Israeli President Shimon Peres applauded Iran's pro-reform protesters on Sunday, saying the young should "raise their voice for freedom" _ an explicit message of support from a country that sees itself as most endangered by the hard-line government in Tehran.
Peres, a Nobel peace prize laureate whose duties are largely ceremonial, suggested the protesters could bring down their leaders. Protesters took to the streets after a disputed June 12 presidential election that saw a victory for Mahmoud Ahmadinejad, the incumbent. Ahmadinejad has repeatedly called for Israel's destruction.
"Let the young people raise their voice for freedom, let the Iranian women ... voice their thirst for equality," Peres told a gathering of world Jewish leaders.

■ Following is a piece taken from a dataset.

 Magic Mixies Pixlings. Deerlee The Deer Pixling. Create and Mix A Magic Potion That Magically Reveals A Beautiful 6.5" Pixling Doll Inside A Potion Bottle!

If the protests continue, Peres said, "hopefully the poor government will disappear."
Israel believes Iran is developing nuclear weapons that could target Israel _ a charge Iran denies. The Israeli government says it prefers to see Iran's nuclear program stopped through diplomacy, but has not ruled out a military strike.
Israel is also concerned about Iran's close support for two of its most committed enemies, Hezbollah guerrillas in Lebanon and Hamas militants in the Gaza Strip.

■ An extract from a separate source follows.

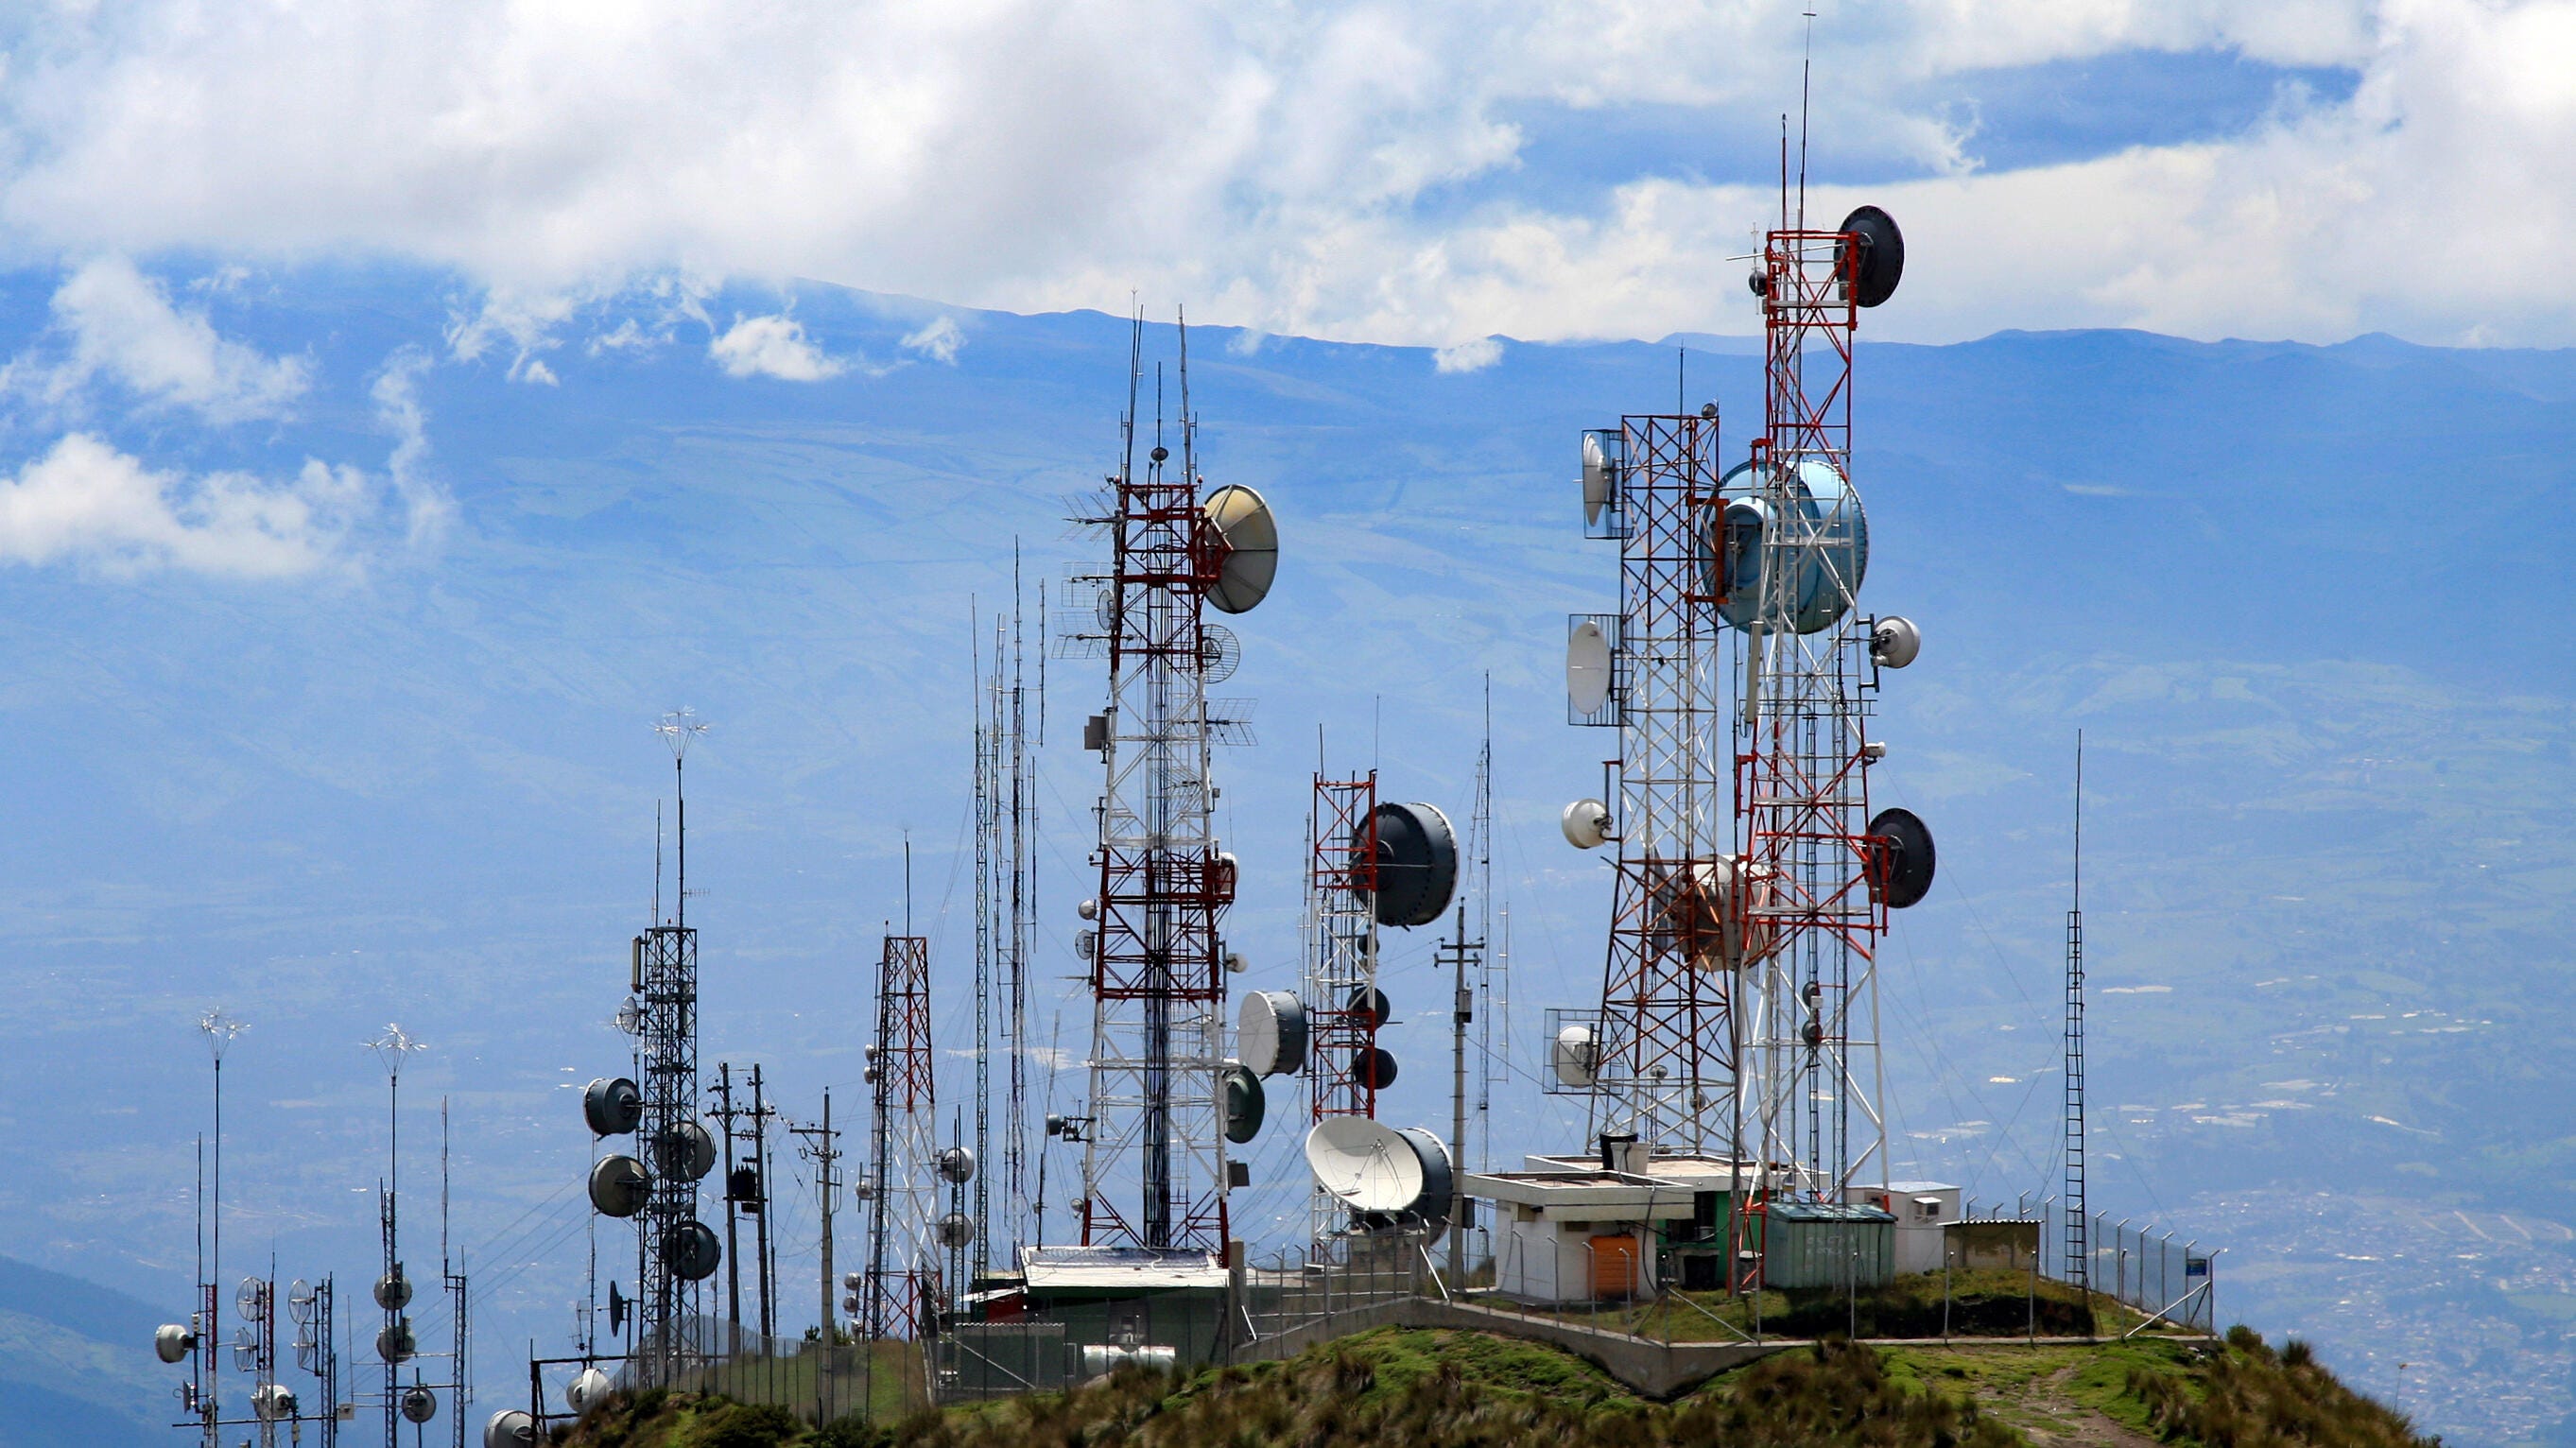 Tall towers with myriad antennae sit perched on a mountaintop.  More mountains are in the distance.

Israeli officials have said little so far about the Iranian protest movement, which has topped news broadcasts here since demonstrations erupted more than a week ago. Initially, officials here indicated they saw little difference between Ahmadinejad and his rival, Mir Hossein Mousavi, who asserts he won the election. Ahmadinejad has made verbal assaults on Israel a centerpiece of his rhetoric and has also called the Holocaust a "myth."